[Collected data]
..........

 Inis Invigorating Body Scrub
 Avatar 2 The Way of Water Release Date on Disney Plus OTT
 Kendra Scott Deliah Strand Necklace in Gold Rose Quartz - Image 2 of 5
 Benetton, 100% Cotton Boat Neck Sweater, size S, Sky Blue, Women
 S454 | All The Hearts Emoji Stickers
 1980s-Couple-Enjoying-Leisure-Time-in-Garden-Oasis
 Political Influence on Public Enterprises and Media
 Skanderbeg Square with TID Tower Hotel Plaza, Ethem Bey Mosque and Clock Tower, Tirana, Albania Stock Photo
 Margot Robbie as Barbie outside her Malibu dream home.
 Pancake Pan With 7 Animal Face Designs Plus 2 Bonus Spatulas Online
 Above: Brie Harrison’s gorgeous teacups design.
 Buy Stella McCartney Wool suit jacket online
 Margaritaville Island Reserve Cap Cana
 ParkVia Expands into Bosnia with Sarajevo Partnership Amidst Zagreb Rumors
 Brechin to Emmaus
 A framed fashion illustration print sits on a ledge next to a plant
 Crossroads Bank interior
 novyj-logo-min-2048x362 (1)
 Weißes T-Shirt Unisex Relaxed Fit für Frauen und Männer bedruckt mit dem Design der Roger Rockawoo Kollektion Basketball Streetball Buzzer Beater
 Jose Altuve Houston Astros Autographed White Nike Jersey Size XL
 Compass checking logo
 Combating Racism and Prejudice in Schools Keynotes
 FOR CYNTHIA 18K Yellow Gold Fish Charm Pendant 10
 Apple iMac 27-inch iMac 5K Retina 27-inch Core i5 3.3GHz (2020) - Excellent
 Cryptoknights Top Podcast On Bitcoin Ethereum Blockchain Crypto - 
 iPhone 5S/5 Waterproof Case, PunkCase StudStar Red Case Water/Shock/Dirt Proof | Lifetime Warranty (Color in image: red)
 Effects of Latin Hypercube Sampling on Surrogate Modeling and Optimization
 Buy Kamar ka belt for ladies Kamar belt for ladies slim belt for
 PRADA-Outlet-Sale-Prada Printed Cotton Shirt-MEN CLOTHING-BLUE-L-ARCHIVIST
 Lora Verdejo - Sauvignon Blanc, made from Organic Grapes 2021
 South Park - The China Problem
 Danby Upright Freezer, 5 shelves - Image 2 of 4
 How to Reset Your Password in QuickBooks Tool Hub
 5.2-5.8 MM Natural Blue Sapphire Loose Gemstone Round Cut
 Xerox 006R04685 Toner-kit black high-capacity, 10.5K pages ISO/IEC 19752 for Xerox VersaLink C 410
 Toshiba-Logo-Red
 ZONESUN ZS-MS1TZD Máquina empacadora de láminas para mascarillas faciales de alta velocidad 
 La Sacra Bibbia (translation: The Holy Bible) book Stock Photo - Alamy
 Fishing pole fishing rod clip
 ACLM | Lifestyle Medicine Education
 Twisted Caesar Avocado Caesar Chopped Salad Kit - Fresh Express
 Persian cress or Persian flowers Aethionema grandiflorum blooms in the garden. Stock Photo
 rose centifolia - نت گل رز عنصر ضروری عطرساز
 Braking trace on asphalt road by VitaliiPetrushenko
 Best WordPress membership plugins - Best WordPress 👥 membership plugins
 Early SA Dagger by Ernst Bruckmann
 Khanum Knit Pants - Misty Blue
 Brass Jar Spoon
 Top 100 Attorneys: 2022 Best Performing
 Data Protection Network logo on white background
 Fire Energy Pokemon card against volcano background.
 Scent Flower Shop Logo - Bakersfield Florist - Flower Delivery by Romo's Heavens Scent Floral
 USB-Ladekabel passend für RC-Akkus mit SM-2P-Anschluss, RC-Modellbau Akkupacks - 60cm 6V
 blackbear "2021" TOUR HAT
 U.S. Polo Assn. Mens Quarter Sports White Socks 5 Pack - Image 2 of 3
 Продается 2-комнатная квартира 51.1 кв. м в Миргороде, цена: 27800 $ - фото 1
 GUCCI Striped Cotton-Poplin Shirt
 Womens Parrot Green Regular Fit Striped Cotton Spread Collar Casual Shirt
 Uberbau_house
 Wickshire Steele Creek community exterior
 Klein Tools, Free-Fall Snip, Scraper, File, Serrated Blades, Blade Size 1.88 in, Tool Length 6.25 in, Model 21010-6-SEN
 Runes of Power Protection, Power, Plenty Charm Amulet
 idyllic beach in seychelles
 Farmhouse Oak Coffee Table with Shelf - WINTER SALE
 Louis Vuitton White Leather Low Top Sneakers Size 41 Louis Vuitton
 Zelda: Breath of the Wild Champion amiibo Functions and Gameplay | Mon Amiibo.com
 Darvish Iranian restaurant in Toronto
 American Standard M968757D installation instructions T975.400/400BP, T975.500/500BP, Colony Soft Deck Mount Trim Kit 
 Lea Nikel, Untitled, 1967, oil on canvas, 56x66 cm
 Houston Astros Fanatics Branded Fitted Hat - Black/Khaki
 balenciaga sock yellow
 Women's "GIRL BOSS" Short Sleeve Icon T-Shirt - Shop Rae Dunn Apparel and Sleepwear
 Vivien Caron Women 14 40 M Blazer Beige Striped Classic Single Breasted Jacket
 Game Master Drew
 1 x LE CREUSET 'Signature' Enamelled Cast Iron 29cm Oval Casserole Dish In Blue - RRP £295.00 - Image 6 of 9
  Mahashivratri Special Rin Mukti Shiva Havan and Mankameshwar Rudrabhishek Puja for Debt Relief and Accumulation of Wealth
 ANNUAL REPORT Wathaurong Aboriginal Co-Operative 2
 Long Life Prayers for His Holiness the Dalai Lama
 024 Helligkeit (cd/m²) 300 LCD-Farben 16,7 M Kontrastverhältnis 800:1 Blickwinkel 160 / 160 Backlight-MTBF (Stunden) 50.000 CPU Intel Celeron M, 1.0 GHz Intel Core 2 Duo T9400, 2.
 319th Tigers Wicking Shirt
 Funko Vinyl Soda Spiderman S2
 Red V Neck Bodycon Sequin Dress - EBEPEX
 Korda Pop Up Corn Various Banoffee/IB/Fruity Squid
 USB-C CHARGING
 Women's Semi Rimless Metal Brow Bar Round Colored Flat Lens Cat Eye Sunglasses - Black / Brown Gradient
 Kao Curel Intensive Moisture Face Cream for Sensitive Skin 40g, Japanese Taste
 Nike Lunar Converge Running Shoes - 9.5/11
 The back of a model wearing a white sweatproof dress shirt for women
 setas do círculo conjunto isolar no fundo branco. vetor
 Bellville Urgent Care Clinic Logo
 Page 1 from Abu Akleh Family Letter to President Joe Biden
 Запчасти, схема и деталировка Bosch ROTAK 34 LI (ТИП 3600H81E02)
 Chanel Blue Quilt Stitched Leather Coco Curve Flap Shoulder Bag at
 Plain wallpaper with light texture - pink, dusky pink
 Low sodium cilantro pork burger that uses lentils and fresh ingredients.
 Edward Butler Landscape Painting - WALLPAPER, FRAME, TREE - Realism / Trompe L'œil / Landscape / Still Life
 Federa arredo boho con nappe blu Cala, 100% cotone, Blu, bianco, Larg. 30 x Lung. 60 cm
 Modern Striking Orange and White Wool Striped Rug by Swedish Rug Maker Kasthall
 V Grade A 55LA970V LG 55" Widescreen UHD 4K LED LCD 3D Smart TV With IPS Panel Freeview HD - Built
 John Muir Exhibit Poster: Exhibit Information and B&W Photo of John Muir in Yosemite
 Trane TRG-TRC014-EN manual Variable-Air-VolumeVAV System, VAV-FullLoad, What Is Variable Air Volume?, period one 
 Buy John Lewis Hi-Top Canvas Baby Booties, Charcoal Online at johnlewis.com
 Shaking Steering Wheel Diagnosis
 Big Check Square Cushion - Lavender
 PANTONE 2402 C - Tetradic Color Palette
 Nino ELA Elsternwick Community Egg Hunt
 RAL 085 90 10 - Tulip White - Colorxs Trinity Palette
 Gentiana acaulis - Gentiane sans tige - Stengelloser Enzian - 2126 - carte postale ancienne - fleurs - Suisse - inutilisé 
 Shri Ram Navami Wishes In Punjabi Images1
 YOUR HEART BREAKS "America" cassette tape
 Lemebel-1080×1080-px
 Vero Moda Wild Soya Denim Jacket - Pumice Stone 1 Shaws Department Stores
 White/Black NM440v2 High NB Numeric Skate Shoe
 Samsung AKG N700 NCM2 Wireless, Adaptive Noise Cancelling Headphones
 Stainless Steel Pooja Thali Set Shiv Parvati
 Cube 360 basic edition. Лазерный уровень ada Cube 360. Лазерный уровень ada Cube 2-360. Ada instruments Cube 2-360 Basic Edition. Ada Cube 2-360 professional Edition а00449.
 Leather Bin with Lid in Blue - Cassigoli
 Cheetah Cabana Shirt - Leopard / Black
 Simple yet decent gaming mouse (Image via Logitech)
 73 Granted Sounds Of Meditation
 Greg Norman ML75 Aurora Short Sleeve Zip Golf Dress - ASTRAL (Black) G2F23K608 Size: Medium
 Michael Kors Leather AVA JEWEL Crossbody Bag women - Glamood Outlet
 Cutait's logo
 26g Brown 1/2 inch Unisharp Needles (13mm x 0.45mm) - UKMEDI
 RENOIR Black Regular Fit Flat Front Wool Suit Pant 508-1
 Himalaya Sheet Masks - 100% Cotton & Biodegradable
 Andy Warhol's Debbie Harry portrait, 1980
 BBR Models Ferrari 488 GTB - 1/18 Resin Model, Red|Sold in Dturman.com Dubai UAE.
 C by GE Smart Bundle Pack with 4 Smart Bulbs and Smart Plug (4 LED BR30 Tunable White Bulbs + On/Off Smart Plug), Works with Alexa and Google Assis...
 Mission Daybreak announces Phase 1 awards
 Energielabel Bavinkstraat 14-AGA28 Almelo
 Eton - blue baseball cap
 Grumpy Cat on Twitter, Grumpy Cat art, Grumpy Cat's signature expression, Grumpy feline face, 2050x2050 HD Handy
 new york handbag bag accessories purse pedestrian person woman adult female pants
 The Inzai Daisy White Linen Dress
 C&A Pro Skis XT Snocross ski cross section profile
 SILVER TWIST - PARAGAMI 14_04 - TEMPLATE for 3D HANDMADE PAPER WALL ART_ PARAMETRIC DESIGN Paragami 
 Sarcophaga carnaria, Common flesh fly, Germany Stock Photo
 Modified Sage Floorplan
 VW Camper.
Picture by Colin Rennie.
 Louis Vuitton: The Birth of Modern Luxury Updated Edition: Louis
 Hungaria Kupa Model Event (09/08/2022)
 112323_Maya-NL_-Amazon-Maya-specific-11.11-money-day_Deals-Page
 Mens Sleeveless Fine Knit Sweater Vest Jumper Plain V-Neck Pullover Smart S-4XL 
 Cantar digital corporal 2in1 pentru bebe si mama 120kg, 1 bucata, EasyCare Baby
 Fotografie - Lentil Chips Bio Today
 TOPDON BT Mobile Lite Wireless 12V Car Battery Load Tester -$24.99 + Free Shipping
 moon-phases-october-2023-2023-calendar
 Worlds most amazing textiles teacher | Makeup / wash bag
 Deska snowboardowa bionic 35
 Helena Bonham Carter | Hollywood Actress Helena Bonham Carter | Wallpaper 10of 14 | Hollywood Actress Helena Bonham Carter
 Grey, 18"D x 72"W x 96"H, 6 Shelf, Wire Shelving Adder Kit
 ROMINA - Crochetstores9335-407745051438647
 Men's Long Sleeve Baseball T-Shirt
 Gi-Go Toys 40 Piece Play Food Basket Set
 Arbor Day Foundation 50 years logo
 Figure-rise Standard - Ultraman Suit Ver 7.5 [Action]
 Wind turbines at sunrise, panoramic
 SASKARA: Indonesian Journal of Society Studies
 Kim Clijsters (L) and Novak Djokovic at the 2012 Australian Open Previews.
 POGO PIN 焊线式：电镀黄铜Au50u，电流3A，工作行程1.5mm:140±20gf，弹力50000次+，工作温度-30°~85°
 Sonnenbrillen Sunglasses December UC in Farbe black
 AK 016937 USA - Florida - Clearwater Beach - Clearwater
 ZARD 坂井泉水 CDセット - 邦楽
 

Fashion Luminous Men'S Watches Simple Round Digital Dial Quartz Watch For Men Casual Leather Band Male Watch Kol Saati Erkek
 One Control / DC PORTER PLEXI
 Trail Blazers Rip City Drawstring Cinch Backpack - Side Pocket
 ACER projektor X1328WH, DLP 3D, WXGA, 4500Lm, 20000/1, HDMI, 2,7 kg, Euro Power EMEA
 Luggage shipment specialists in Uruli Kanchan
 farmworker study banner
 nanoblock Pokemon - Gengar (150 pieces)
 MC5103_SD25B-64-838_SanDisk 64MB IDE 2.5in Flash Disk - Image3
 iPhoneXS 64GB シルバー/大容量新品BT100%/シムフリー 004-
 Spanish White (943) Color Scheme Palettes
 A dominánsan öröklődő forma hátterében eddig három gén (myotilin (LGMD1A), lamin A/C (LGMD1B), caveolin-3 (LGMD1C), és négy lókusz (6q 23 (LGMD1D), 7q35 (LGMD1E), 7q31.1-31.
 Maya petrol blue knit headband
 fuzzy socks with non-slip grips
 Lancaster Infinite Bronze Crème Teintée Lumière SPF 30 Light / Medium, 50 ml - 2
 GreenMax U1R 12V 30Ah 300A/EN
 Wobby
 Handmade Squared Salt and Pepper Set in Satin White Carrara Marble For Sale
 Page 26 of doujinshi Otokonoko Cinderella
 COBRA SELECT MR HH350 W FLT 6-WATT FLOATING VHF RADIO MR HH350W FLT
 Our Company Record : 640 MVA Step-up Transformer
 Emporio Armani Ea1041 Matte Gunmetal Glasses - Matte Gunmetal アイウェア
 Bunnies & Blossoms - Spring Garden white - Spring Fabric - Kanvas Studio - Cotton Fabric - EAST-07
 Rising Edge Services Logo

..........

**Work to be completed:** Return exactly the lines above from the line that has "Womens Parrot Green" through the line that has "Darvish Iranian restaurant in Toronto", inclusive, and nothing else.

**Completed exercise:**
 Womens Parrot Green Regular Fit Striped Cotton Spread Collar Casual Shirt
 Uberbau_house
 Wickshire Steele Creek community exterior
 Klein Tools, Free-Fall Snip, Scraper, File, Serrated Blades, Blade Size 1.88 in, Tool Length 6.25 in, Model 21010-6-SEN
 Runes of Power Protection, Power, Plenty Charm Amulet
 idyllic beach in seychelles
 Farmhouse Oak Coffee Table with Shelf - WINTER SALE
 Louis Vuitton White Leather Low Top Sneakers Size 41 Louis Vuitton
 Zelda: Breath of the Wild Champion amiibo Functions and Gameplay | Mon Amiibo.com
 Darvish Iranian restaurant in Toronto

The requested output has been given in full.